Co-authored-by: Steven Liu &lt;59462357+stevhliu@users.noreply.github.com&gt;
diff --git a/docs/source/en/model_doc/mobilevit.md b/docs/source/en/model_doc/mobilevit.md
@@ -1,84 +1,114 @@
 <!--Copyright 2022 The HuggingFace Team. All rights reserved.
 
-Licensed under the Apache License, Version 2.0 (the "License"); you may not use this file except in compliance with
-the License. You may obtain a copy of the License at
+Licensed under the Apache License, Version 2.0 (the "License"); you may not use this file except in compliance with  the License. You may obtain a copy of the License at
 
-http://www.apache.org/licenses/LICENSE-2.0
+[http://www.apache.org/licenses/LICENSE-2.0](http://www.apache.org/licenses/LICENSE-2.0)
 
-Unless required by applicable law or agreed to in writing, software distributed under the License is distributed on
-an "AS IS" BASIS, WITHOUT WARRANTIES OR CONDITIONS OF ANY KIND, either express or implied. See the License for the
-specific language governing permissions and limitations under the License.

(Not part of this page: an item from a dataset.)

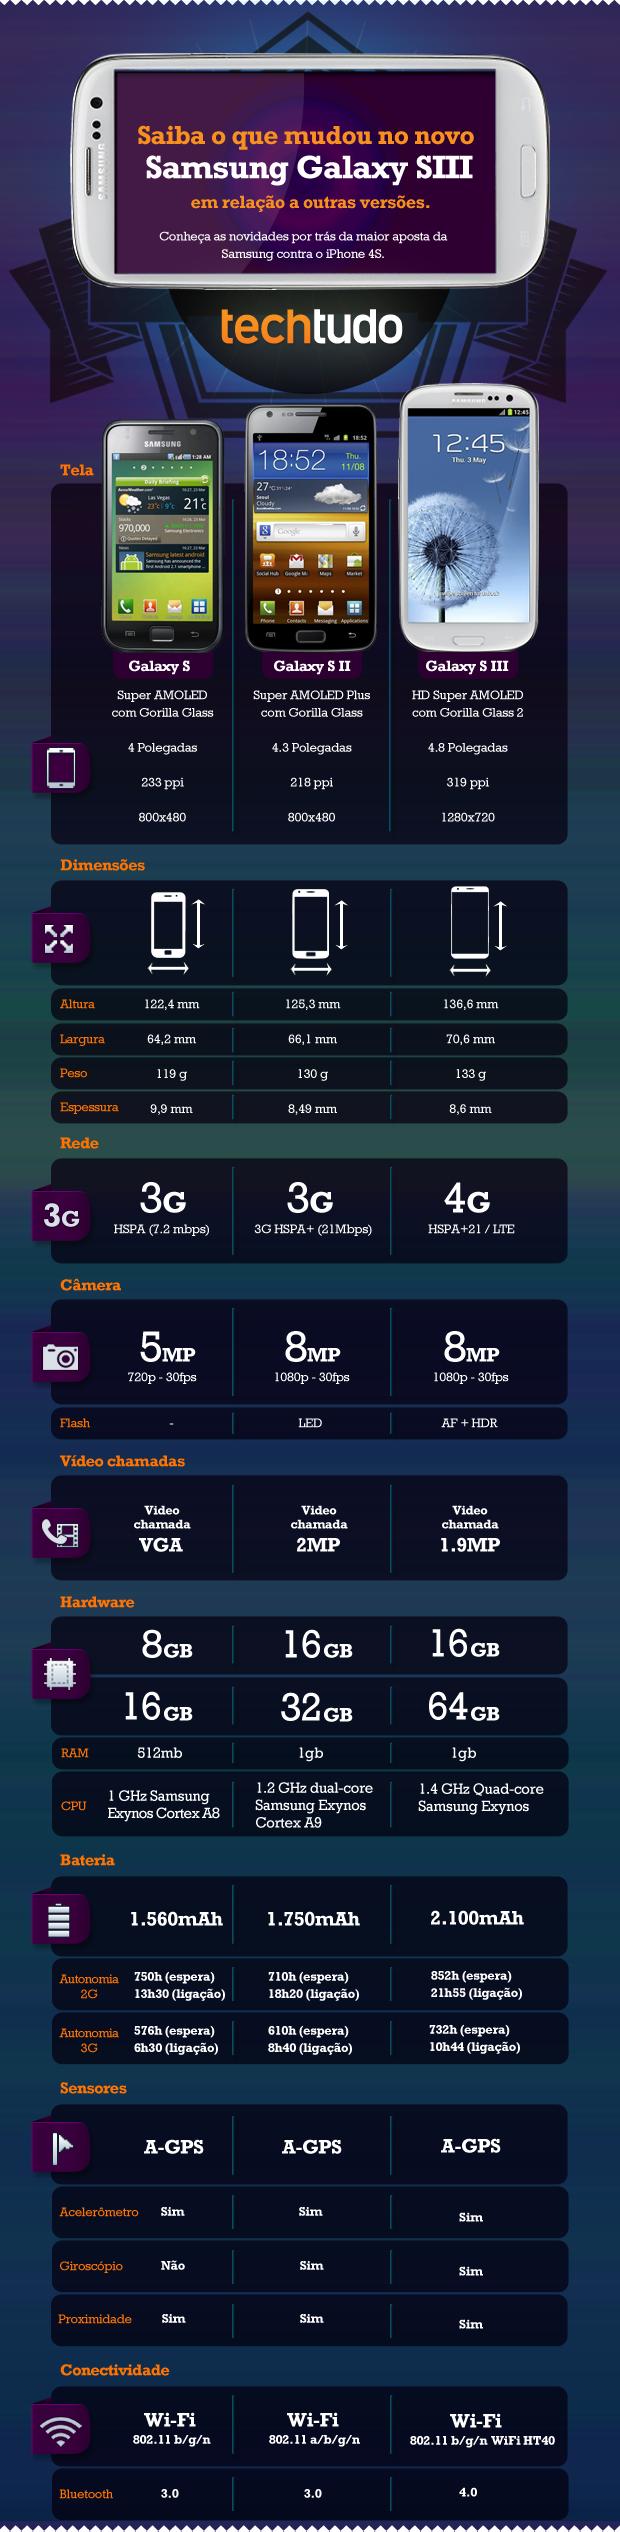 Samsung Galaxy SIII Comparativo V6 (Foto: TechTudo)
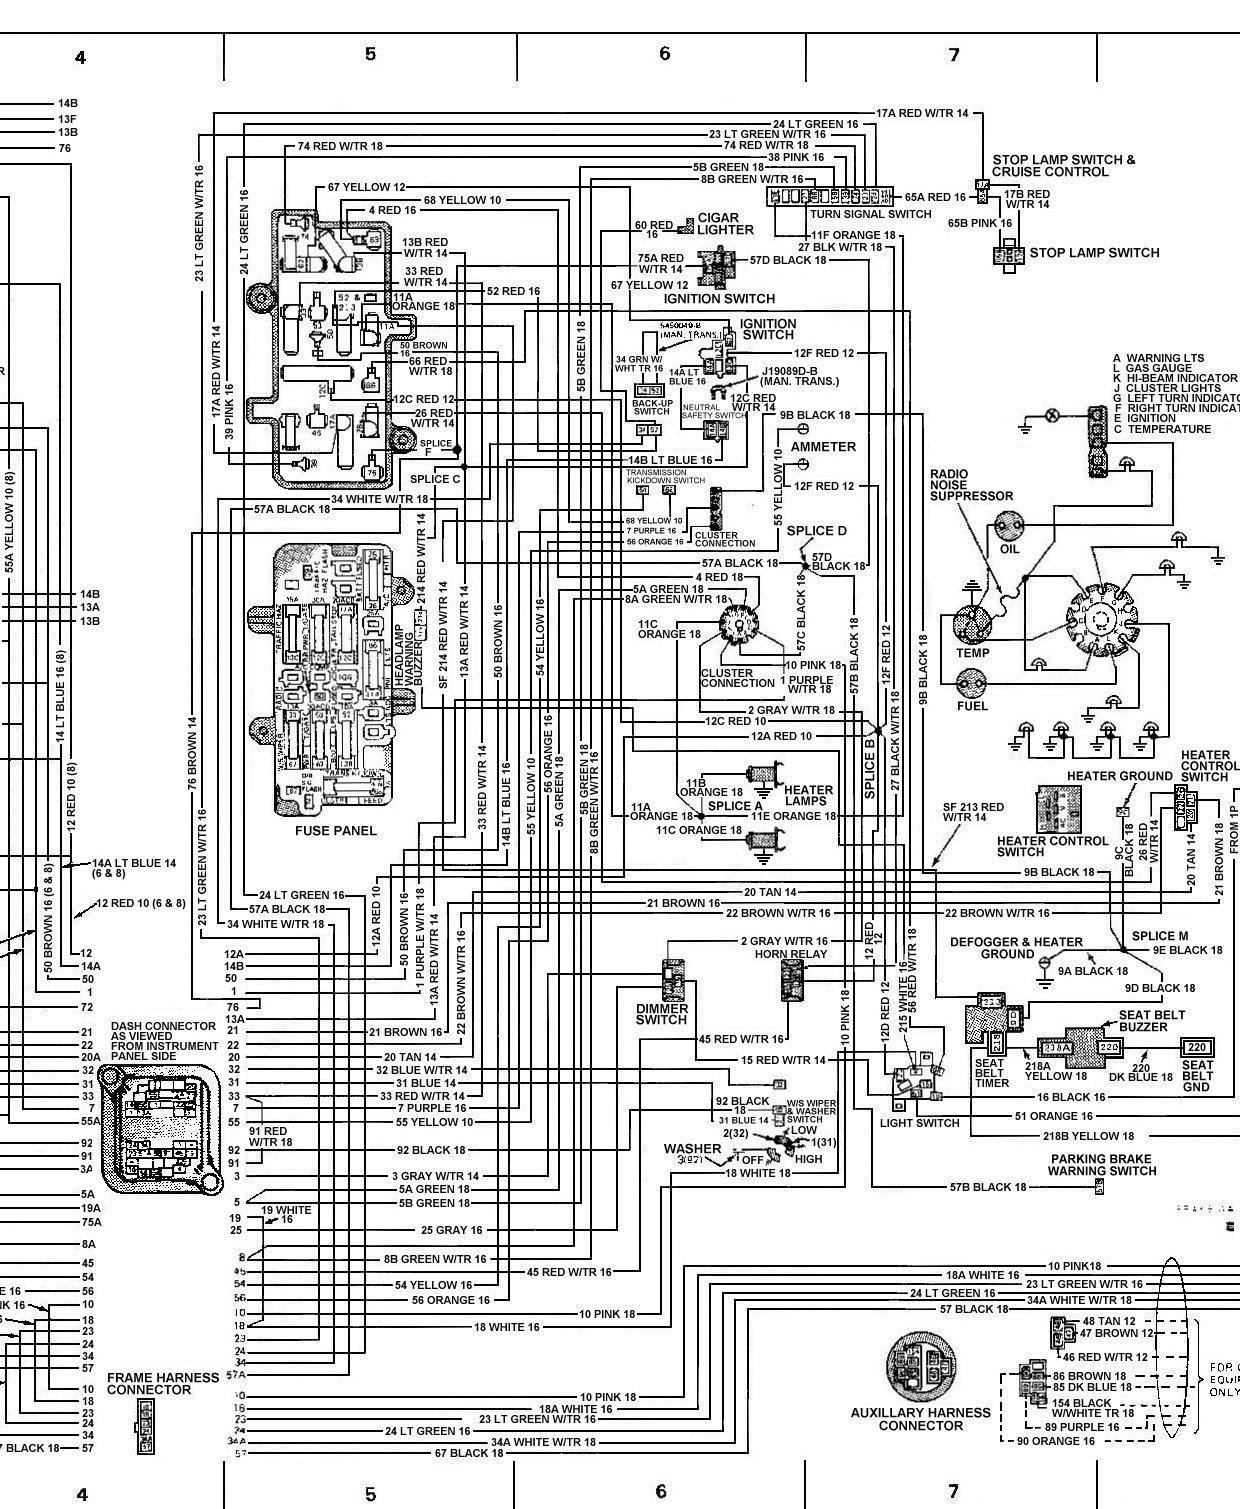 Wiring Diagram For 2004 Dodge Ram 1500 | Wiring Diagram - 2004 Dodge Ram 1500 Wiring Diagram

+Unless required by applicable law or agreed to in writing, software distributed under the License is distributed on  an "AS IS" BASIS, WITHOUT WARRANTIES OR CONDITIONS OF ANY KIND, either express or implied. See the License for the  specific language governing permissions and limitations under the License.
 
-⚠️ Note that this file is in Markdown but contain specific syntax for our doc-builder (similar to MDX) that may not be
-rendered properly in your Markdown viewer.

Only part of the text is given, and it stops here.